Van NAVO naar VN
Hoeksteen van de NAVO is het Noord-Atlantisch Verdrag (1949). De verdragstekst telt slechts veertien artikelen. Het belangrijkste is artikel vijf. Daarin staat dat een gewapende aanval tegen één van de leden zal worden beschouwd als een aanval tegen allen. 'Zij komen bijgeval overeen dat, indien zulk een gewapende aanval plaatsvindt, ieder van hen de aldus aangevallen partij of partijen zal bijstaan'.
De NAVO werd opgericht met het oog op een mogelijke Sovjet-Russische aanval op West-Europa. Door bij verdrag vast te leggen dat zo'n aanval gewapenderhand ook door de Verenigde Staten zou worden beantwoord, moest Moskou van zo'n avontuur worden afgehouden. Of het NAVO-verdrag inderdaad zo heeft gewerkt, weten wij tien jaar na de ontbinding van de Sovjet-Unie nog steeds niet met zekerheid. Wel dat de Koude Oorlog (1945-1991) de langste periode van vrede is geweest in de geschiedenis van het moderne Europa.

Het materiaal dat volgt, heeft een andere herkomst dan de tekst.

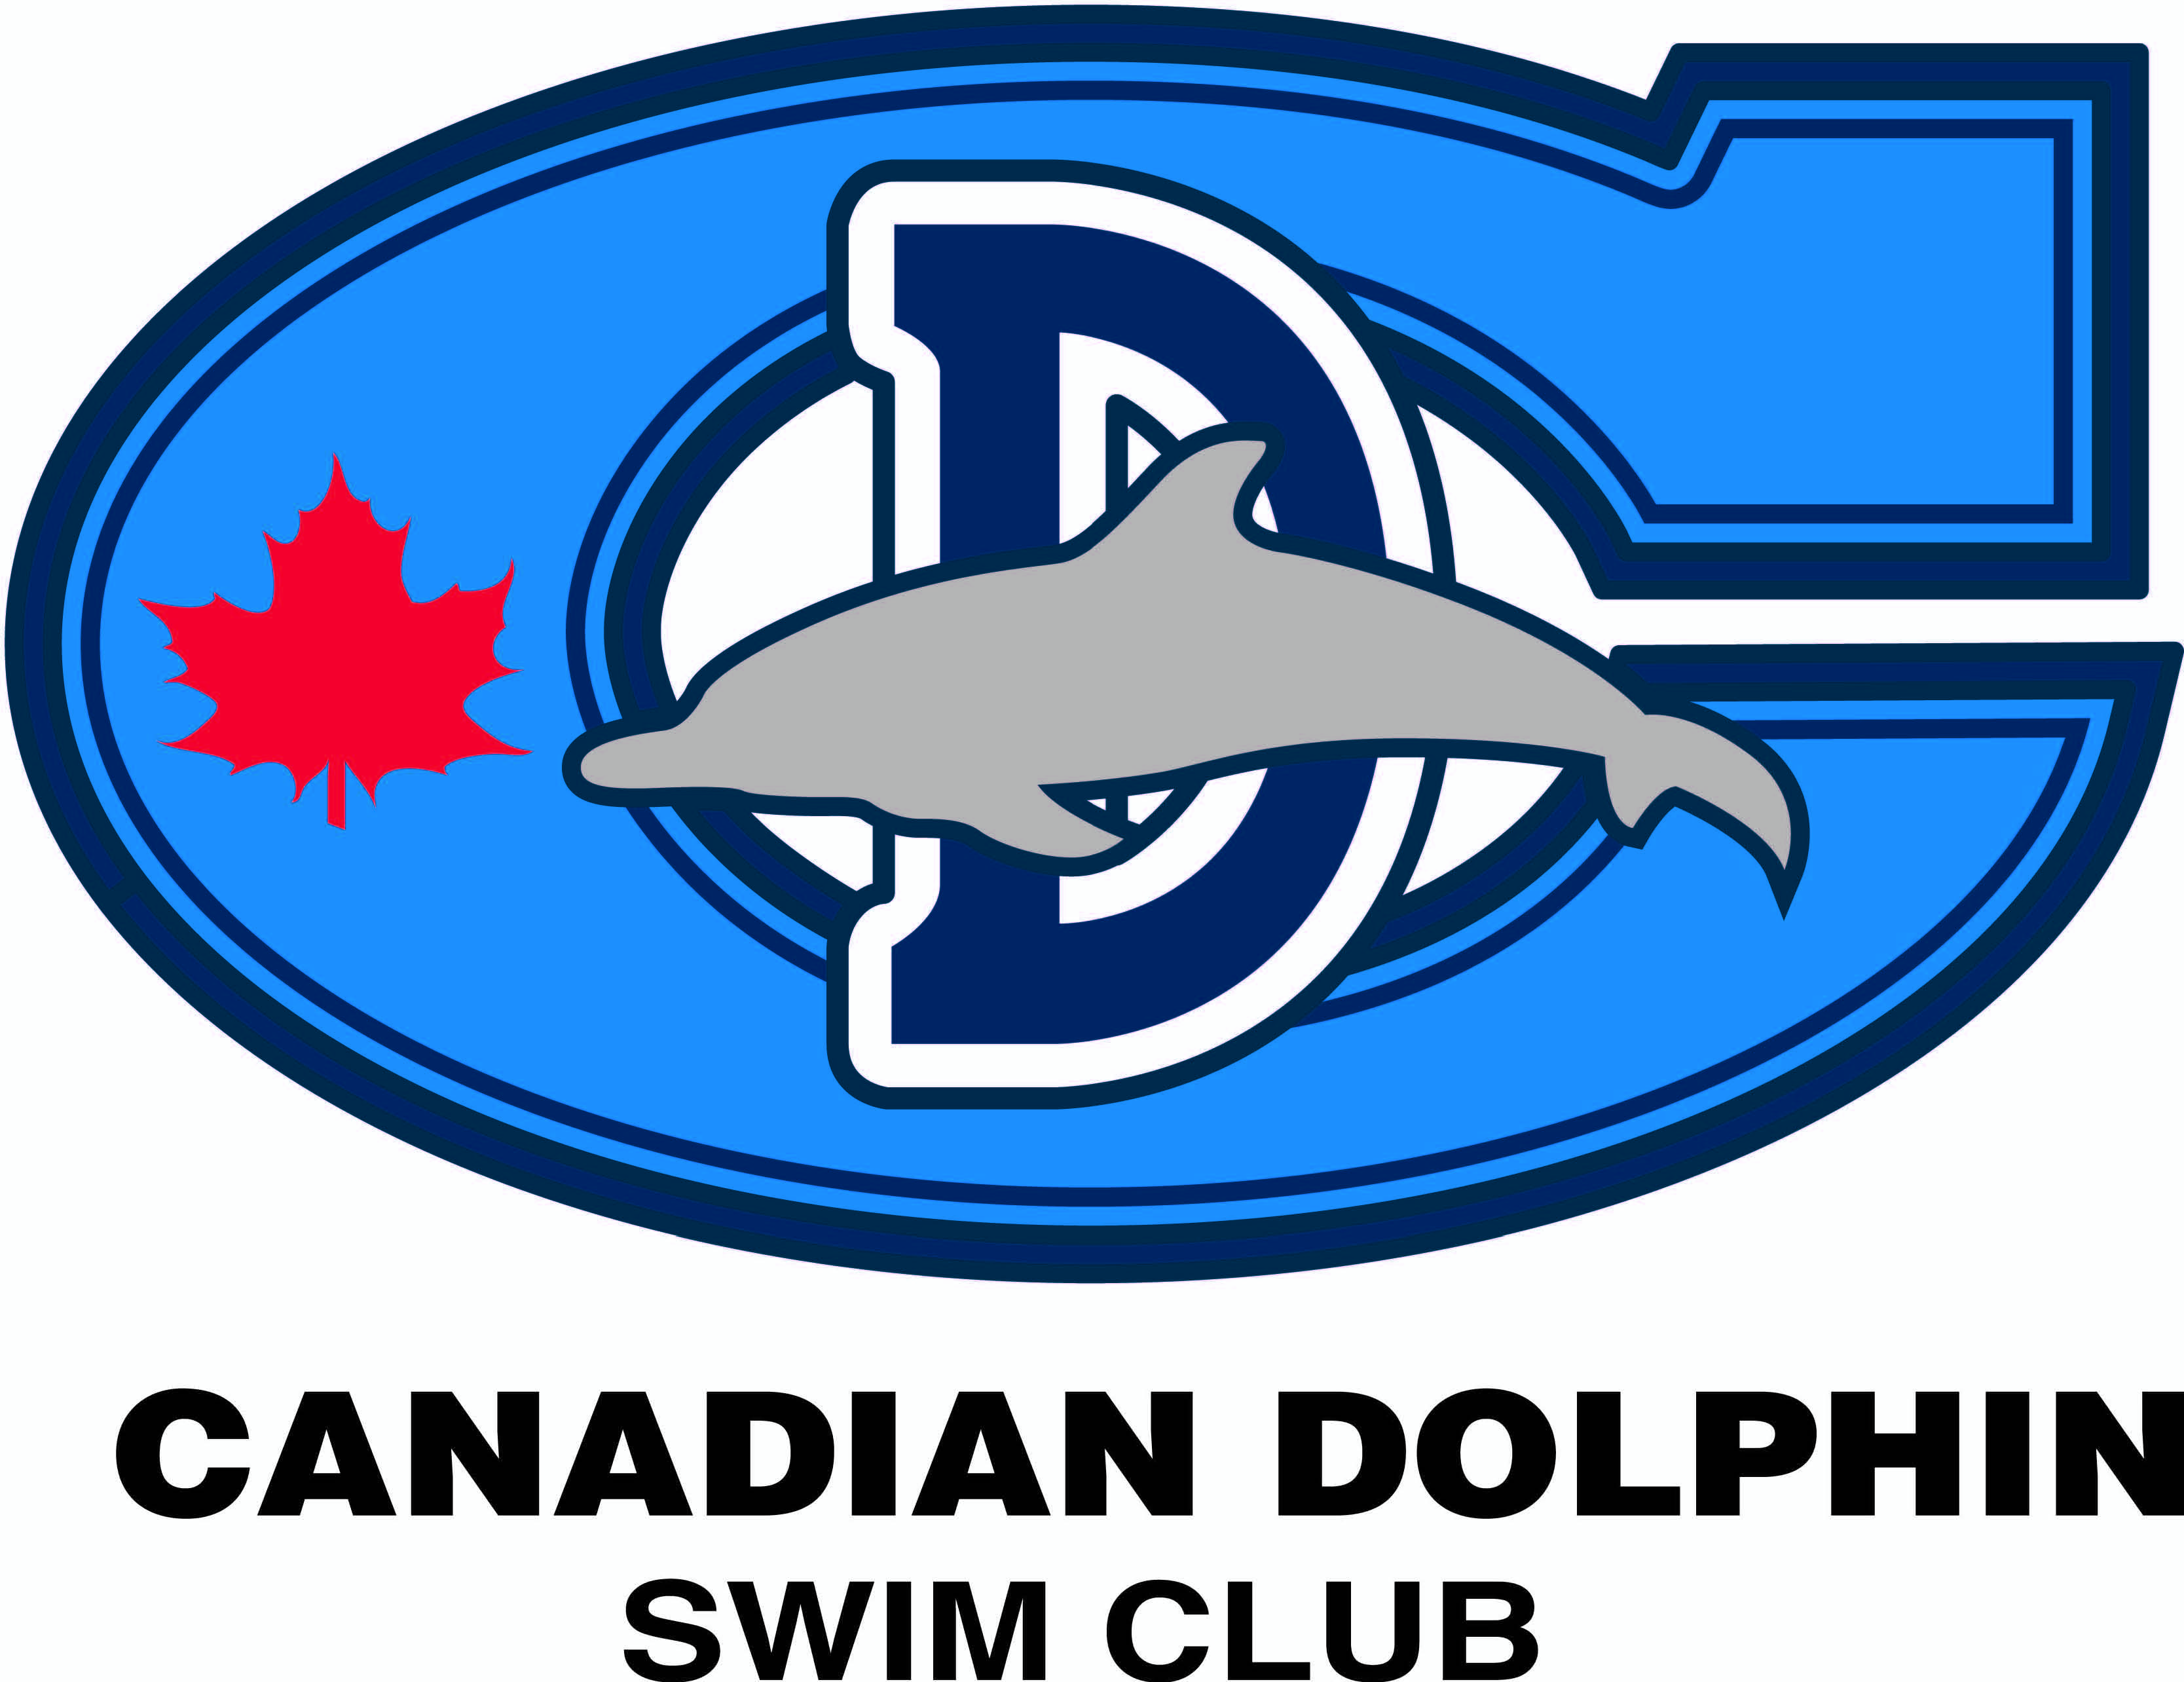 Canadian Dolphin Swim Club

Pas vorige week is voor het eerst een beroep op gedaan op artikel vijf. De Noord-Atlantische Raad - de politieke vertegenwoordiging van de lidstaten op het niveau van ambassadeurs - nam het besluit de terroristische aanslagen in New York en Washington op te vatten als een 'gewapende aanval' in de zin van het NAVO-verdrag.

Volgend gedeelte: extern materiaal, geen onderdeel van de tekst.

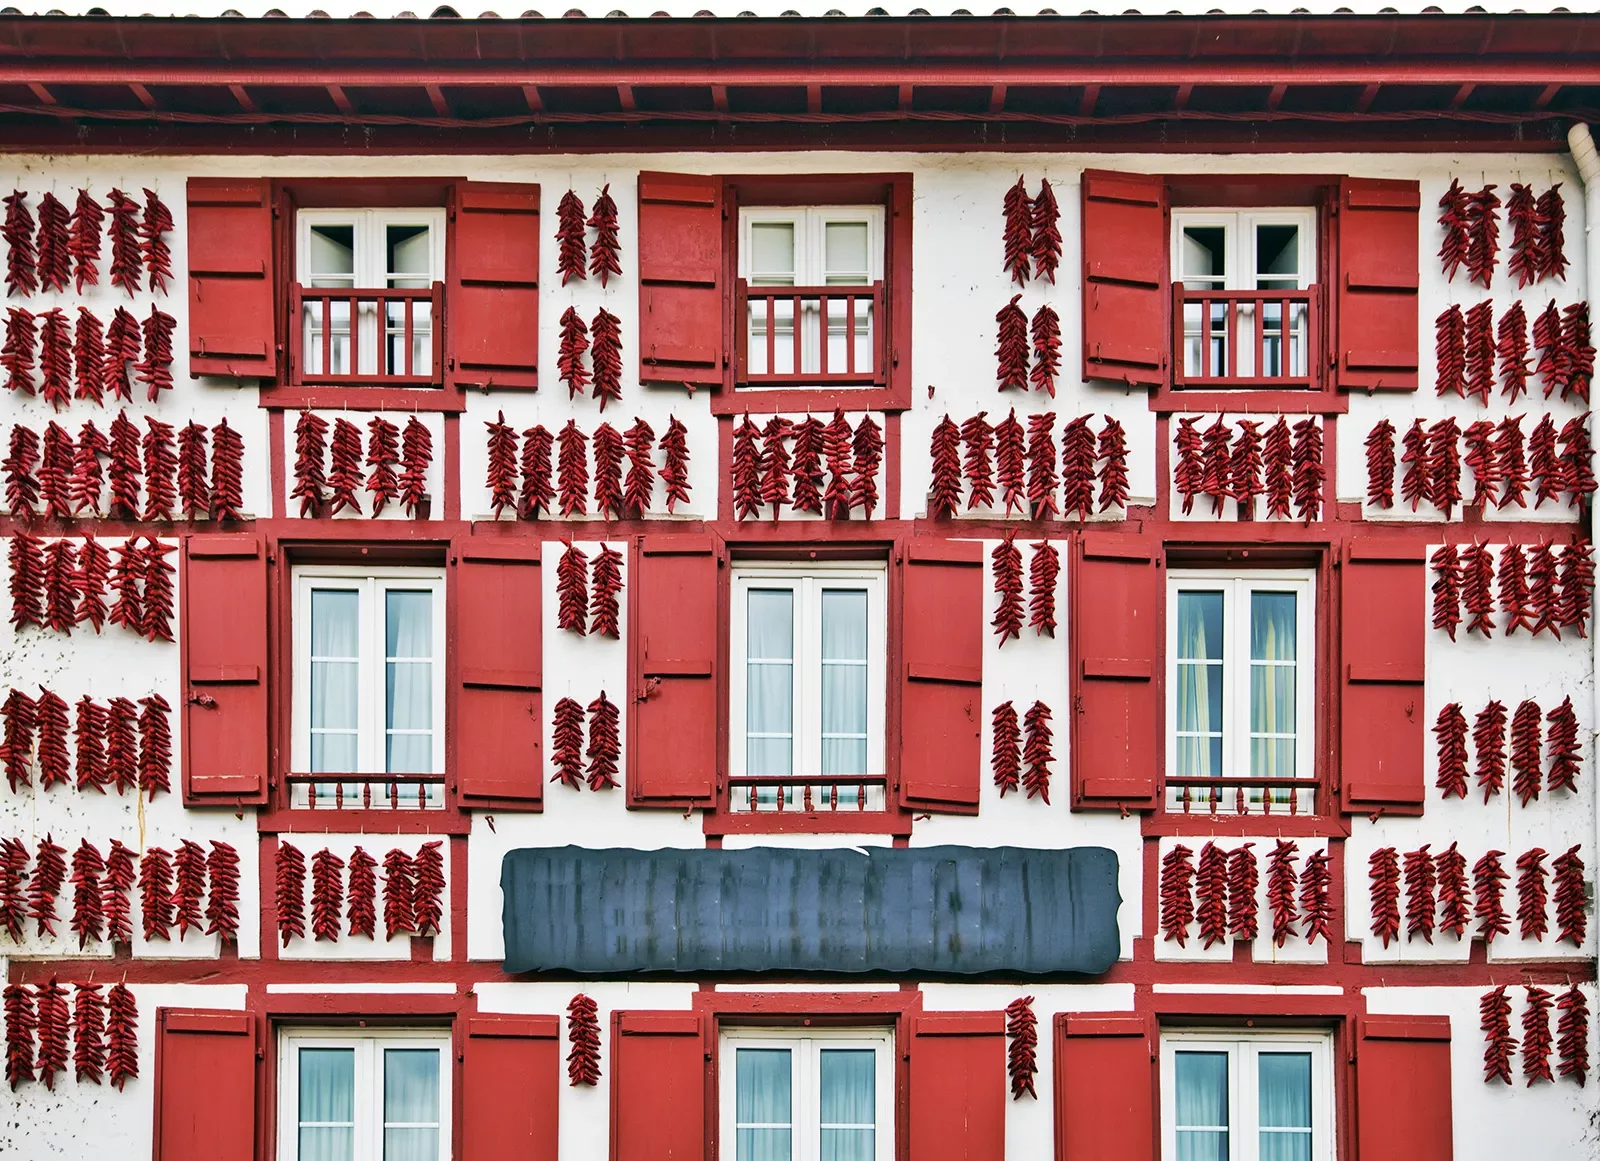 Building in Bilbao/Biarritz

Men kan dit besluit het best beschouwen als een gebaar van solidariteit met een bondgenoot die in twee wereldoorlogen de strijd in Europa ten gunste van democratie en rechtsstaat heeft beslecht. Maar wat dit gebaar in gaat houden is voorlopig verre van duidelijk, en wel om drie redenen.
In de eerste plaats is artikel vijf bedoeld voor collectieve verdediging tegen agressie door een staat. Niet een staat is echter aangewezen als dader, maar een terroristische organisatie. Het beroep op artikel vijf is daarom oneigenlijk. Alle retoriek ten spijt gaat het hier niet om een oorlog, maar om gruwelijke misdaden.

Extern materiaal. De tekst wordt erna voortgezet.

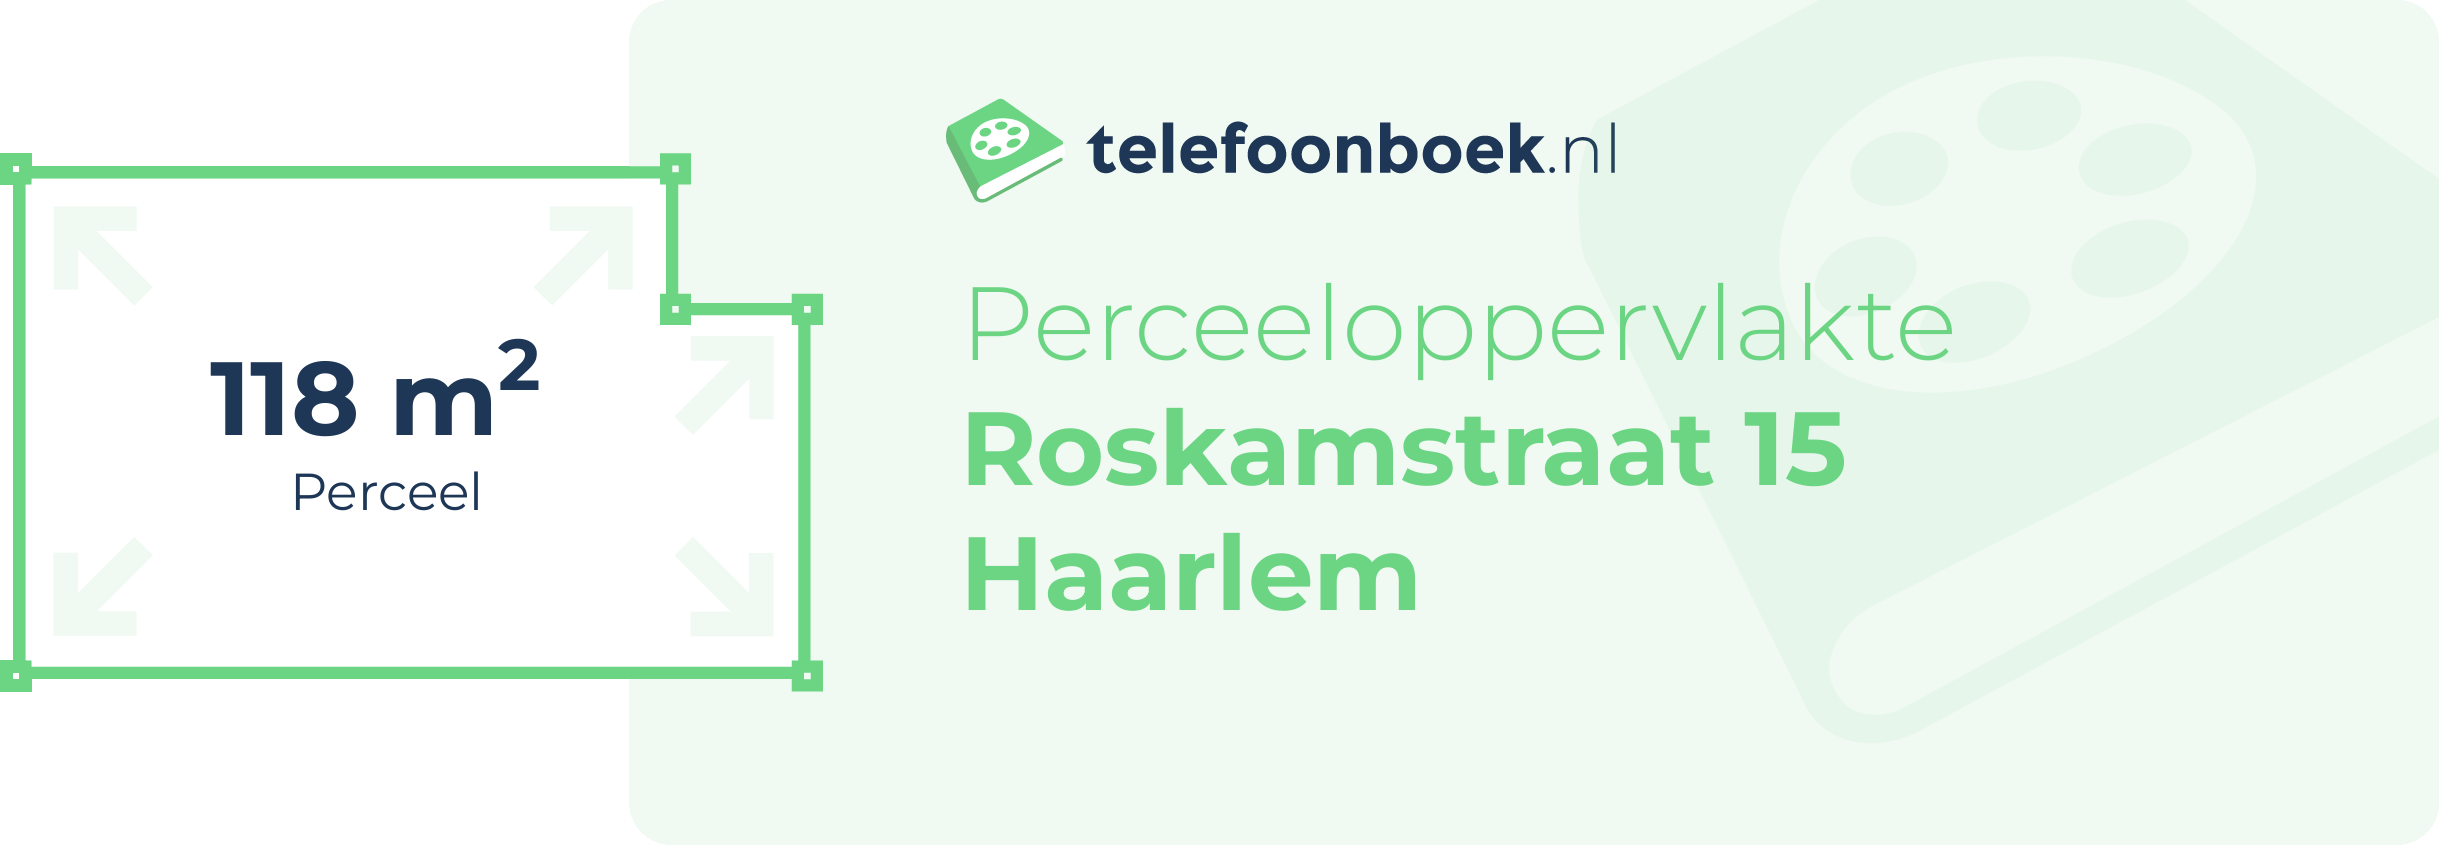 Perceeloppervlakte Roskamstraat 15 Haarlem

Artikel vijf van het NAVO-verdrag laat daarnaast geheel open op welke wijze en in welke mate de lidstaten de aangevallene bijstaan. Al bij de oprichting van de NAVO was er de kritiek dat het verdrag vrijblijvender was dan zijn voorganger, het Verdrag van Brussel (1948, tussen Groot-Brittannië, Frankrijk en de Benelux-landen). Dat verplichtte de verdragspartners met alle militaire middelen de aangevallene te hulp te snellen. Zo'n garantie wilden de Verenigde Staten echter niet in het NAVO-verdrag.
Tijdens de Koude Oorlog bestonden niettemin lang van tevoren gemaakte afspraken over welke bijdrage iedere lidstaat aan de gemeenschappelijk verdediging van het NAVO-territorium zou leveren. De sector van de Noord-Duitse laagvlakte die dan door het eerste (en enige) Nederlandse legercorps zou worden verdedigd, lag vast.
Van een dergelijke rolverdeling en voorbereiding is nu geen sprake en dat maakt het beroep op artikel vijf voorlopig tot een loos gebaar. Dat blijkt ook wel uit het feit dat de militaire operaties die nu voorbereid worden niet in het kader van de NAVO plaatsvinden, maar geheel en al een Amerikaanse aangelegenheid zijn.
Daarom is het merkwaardig dat de Nederlandse regering bij haar toezegging van militaire steun open heeft gelaten of deze binnen, of juist buiten de NAVO gestalte krijgt. Steun binnen de NAVO geeft Nederland, in de NAVO-raad, een formeel medebeslissingsrecht over het gebruik ervan. In het andere geval heeft ze wel degelijk een 'blanco cheque' uitgeschreven, hoezeer premier Kok vorige week ook tegen die voorstelling van zaken fulmineerde.
Als Nederlandse militairen daadwerkelijk gevechtsrisico's gaan lopen, dan zou over deze kwestie helderheid dienen te bestaan. Solidariteit met de Verenigde Staten houdt niet het opgeven van soevereintiteit in.
Er is nog een kant van artikel vijf die te weinig aandacht heeft gekregen. Het artikel bepaalt ook dat de maatregelen die de NAVO neemt tegen een gewapende aanval 'terstond ter kennis worden gebracht van de Veiligheidsraad', en dat die maatregelen worden opgeheven zodra de Veiligheidsraad stappen heeft genomen 'om de internationale vrede en veiligheid te herstellen en te handhaven'.
Zo dwingt het beroep op artikel vijf in feite de lidstaten, en dus ook de Verenigde Staten, militaire acties aan de Veiligheidsraad voor te leggen en de Verenigde Naties een centrale rol bij de strijd tegen het terrorisme toe te kennen.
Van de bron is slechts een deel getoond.